(Beginning of Material provided)

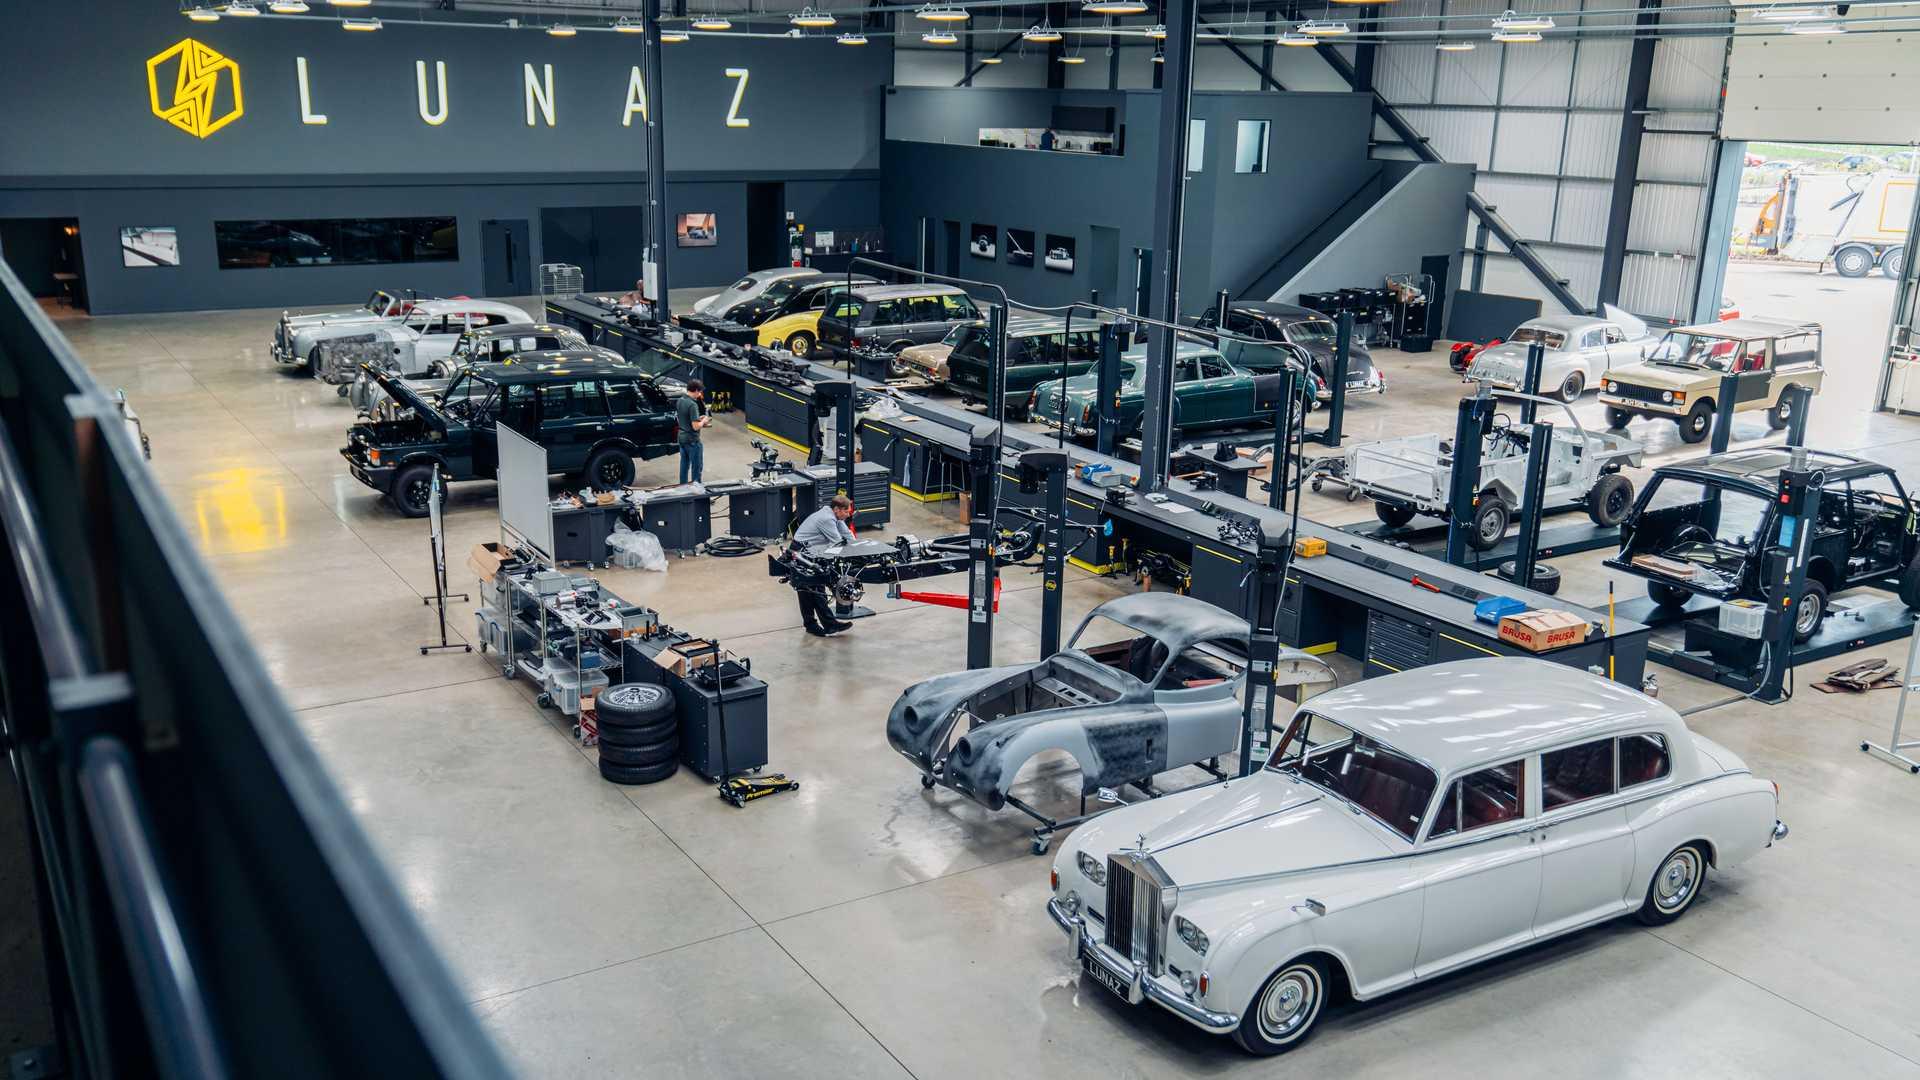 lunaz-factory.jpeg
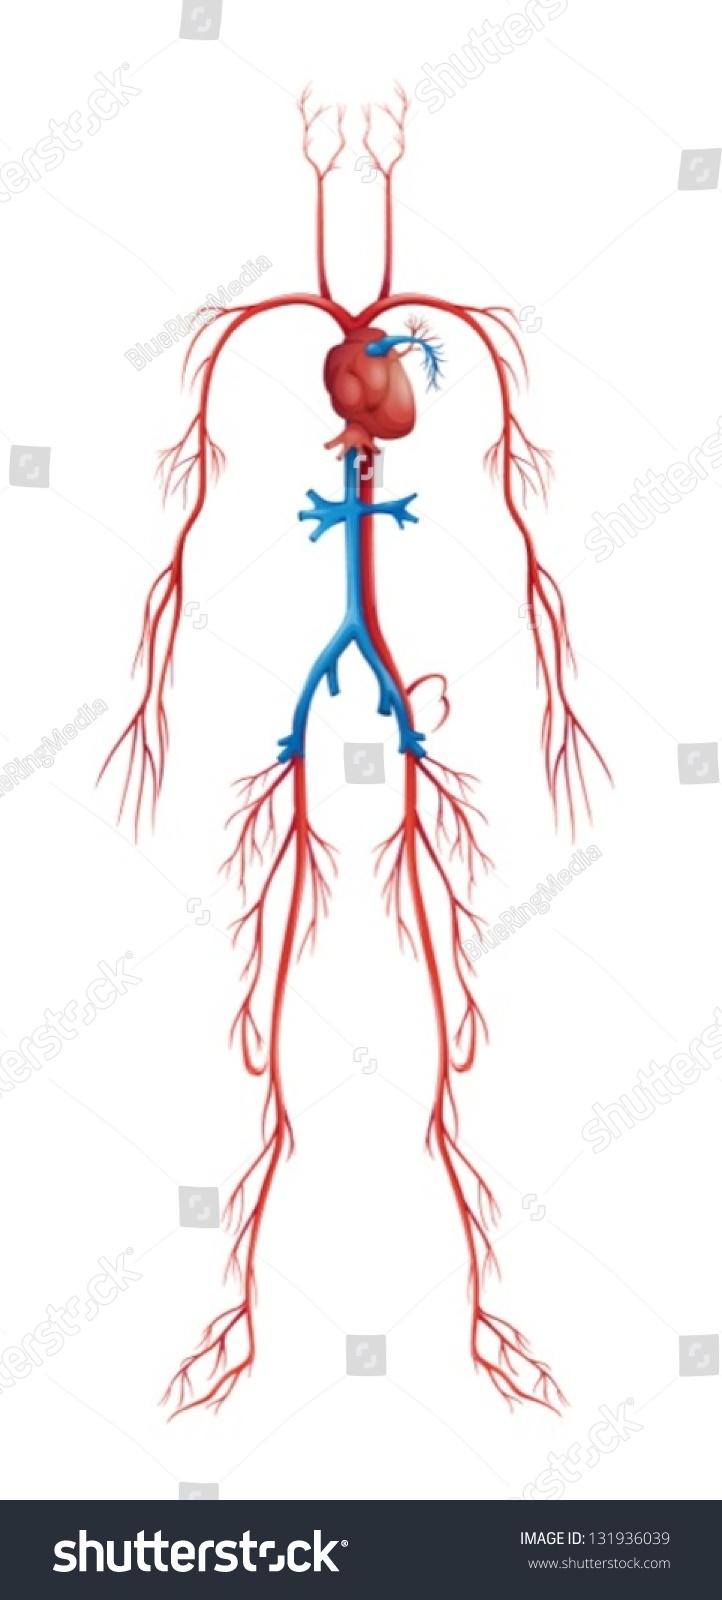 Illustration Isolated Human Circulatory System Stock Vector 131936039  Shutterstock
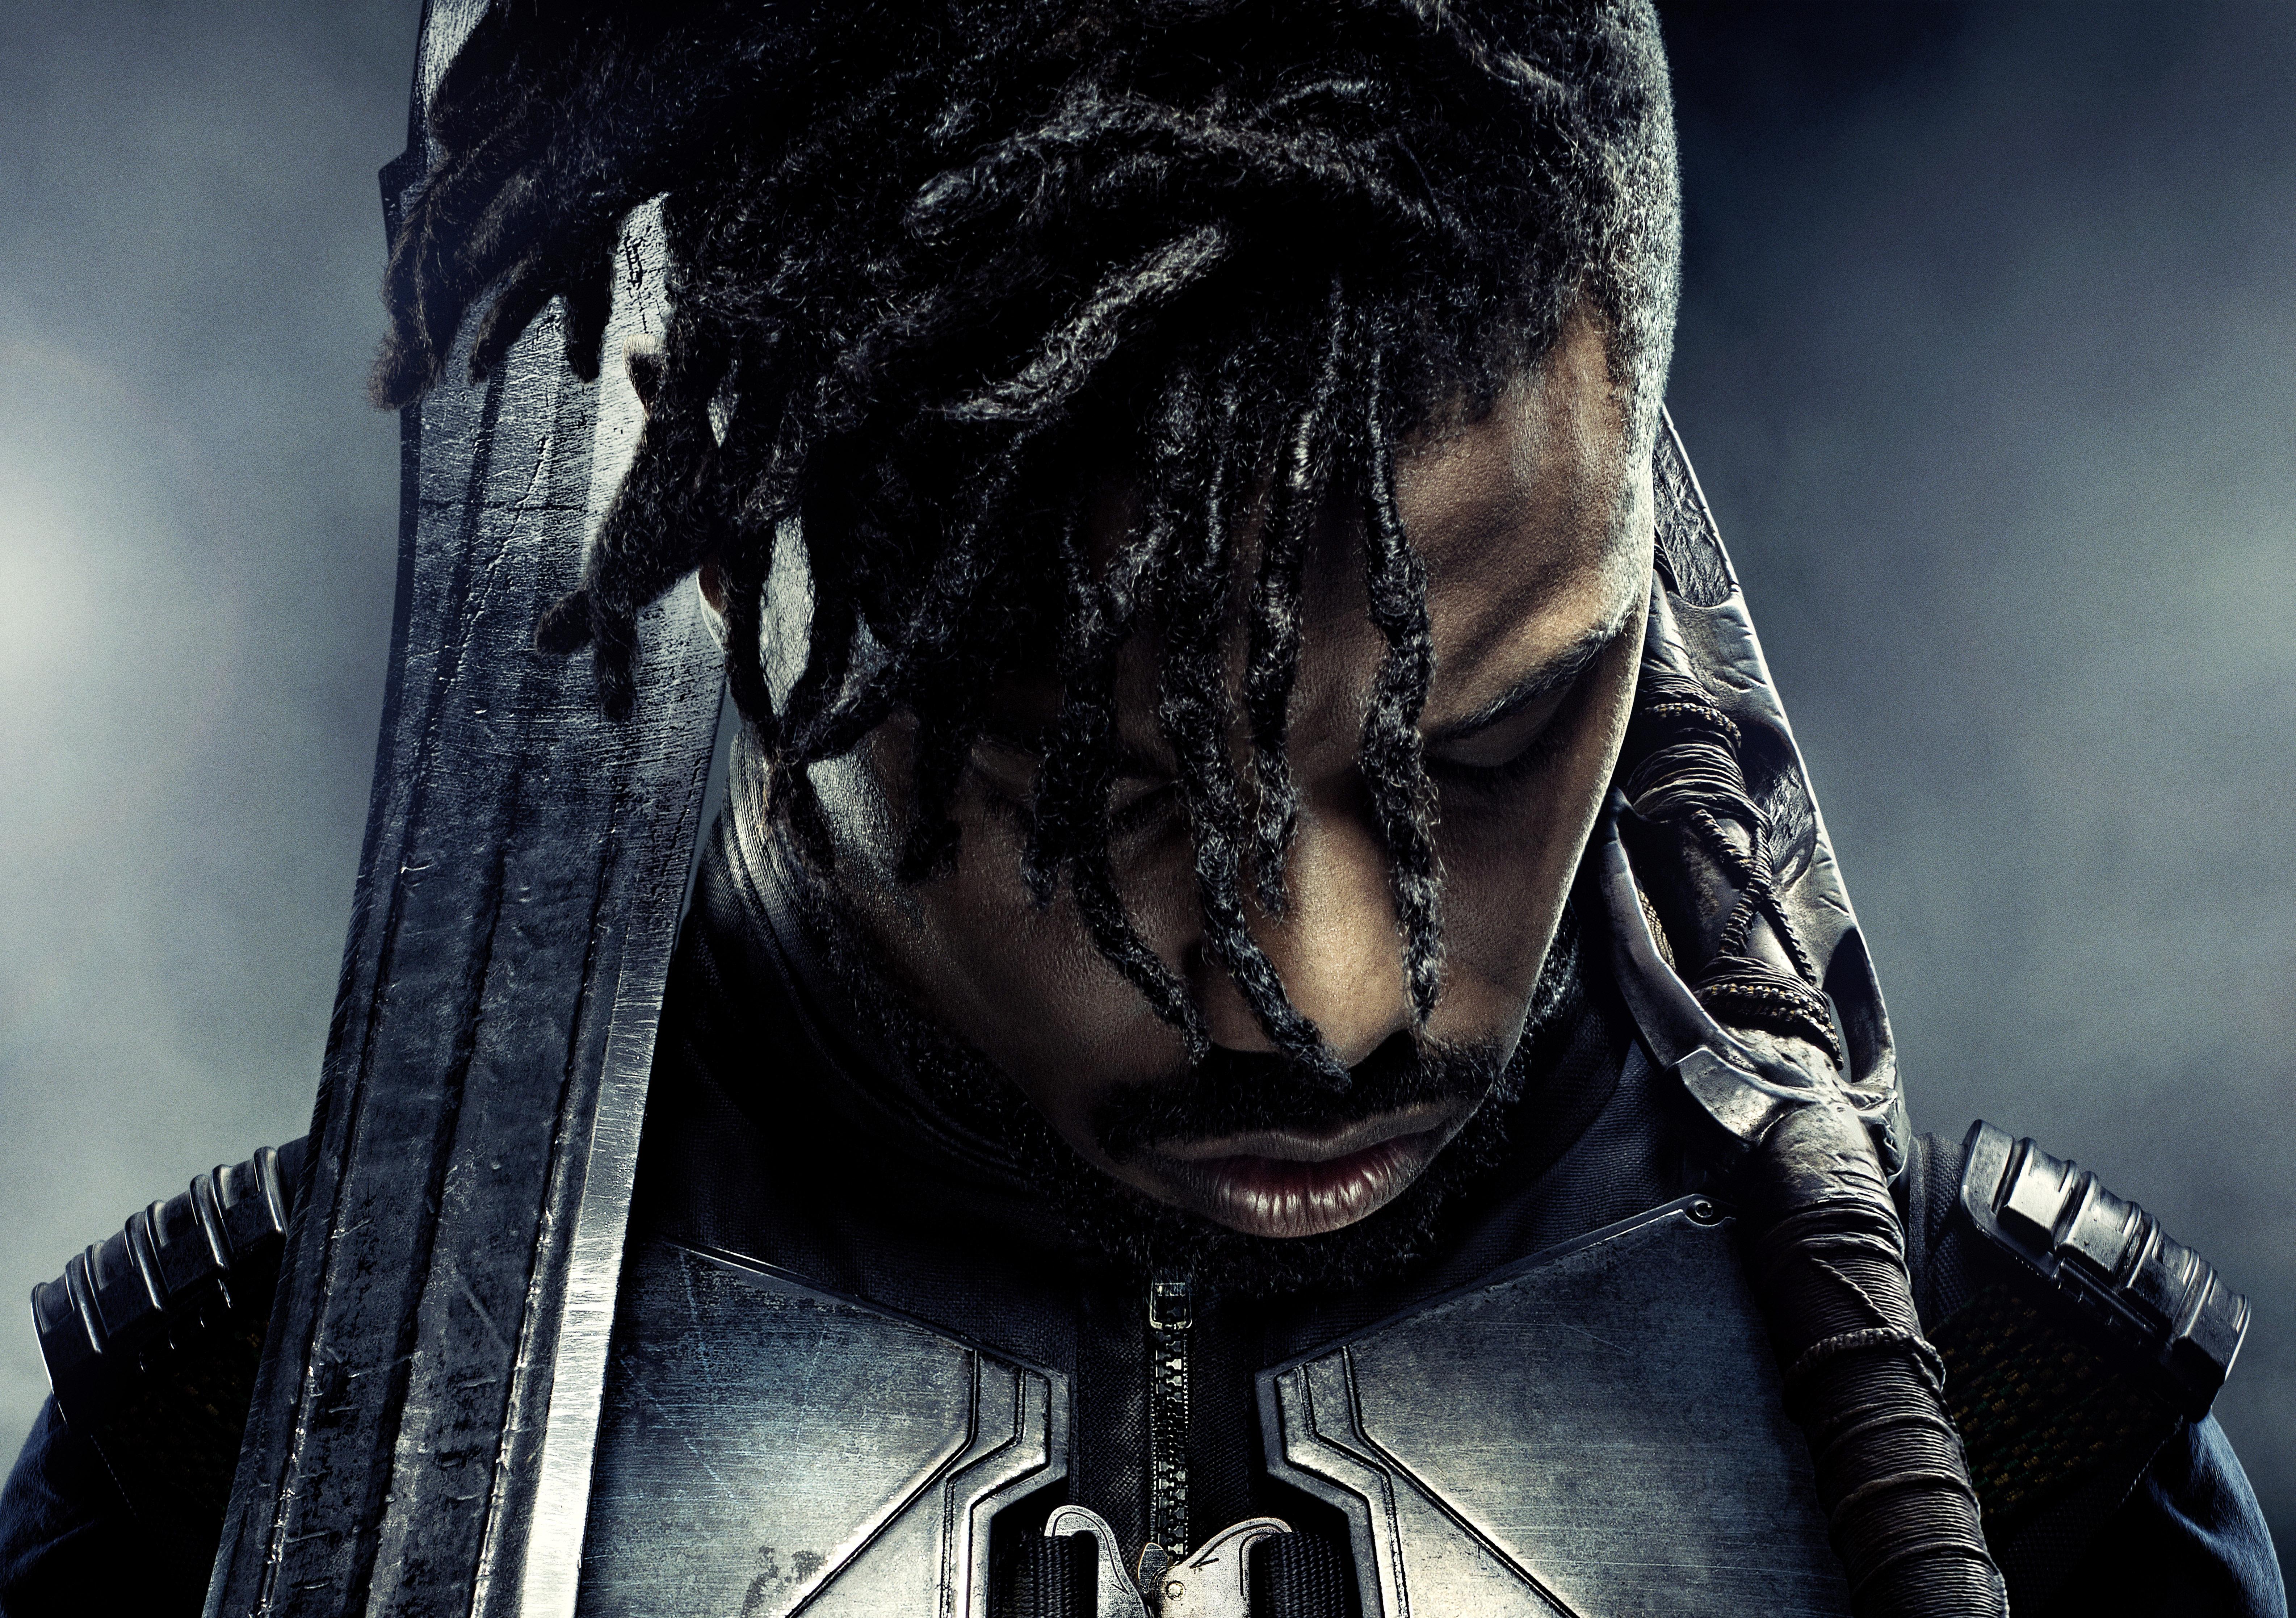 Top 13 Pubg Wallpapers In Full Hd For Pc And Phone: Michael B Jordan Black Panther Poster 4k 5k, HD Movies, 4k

(End of Material provided)

• **Exercise prompt**
Set down the material above word for word and skip its pictures.

• **Expected answer**
 lunaz-factory.jpeg
 Illustration Isolated Human Circulatory System Stock Vector 131936039  Shutterstock
 Top 13 Pubg Wallpapers In Full Hd For Pc And Phone: Michael B Jordan Black Panther Poster 4k 5k, HD Movies, 4k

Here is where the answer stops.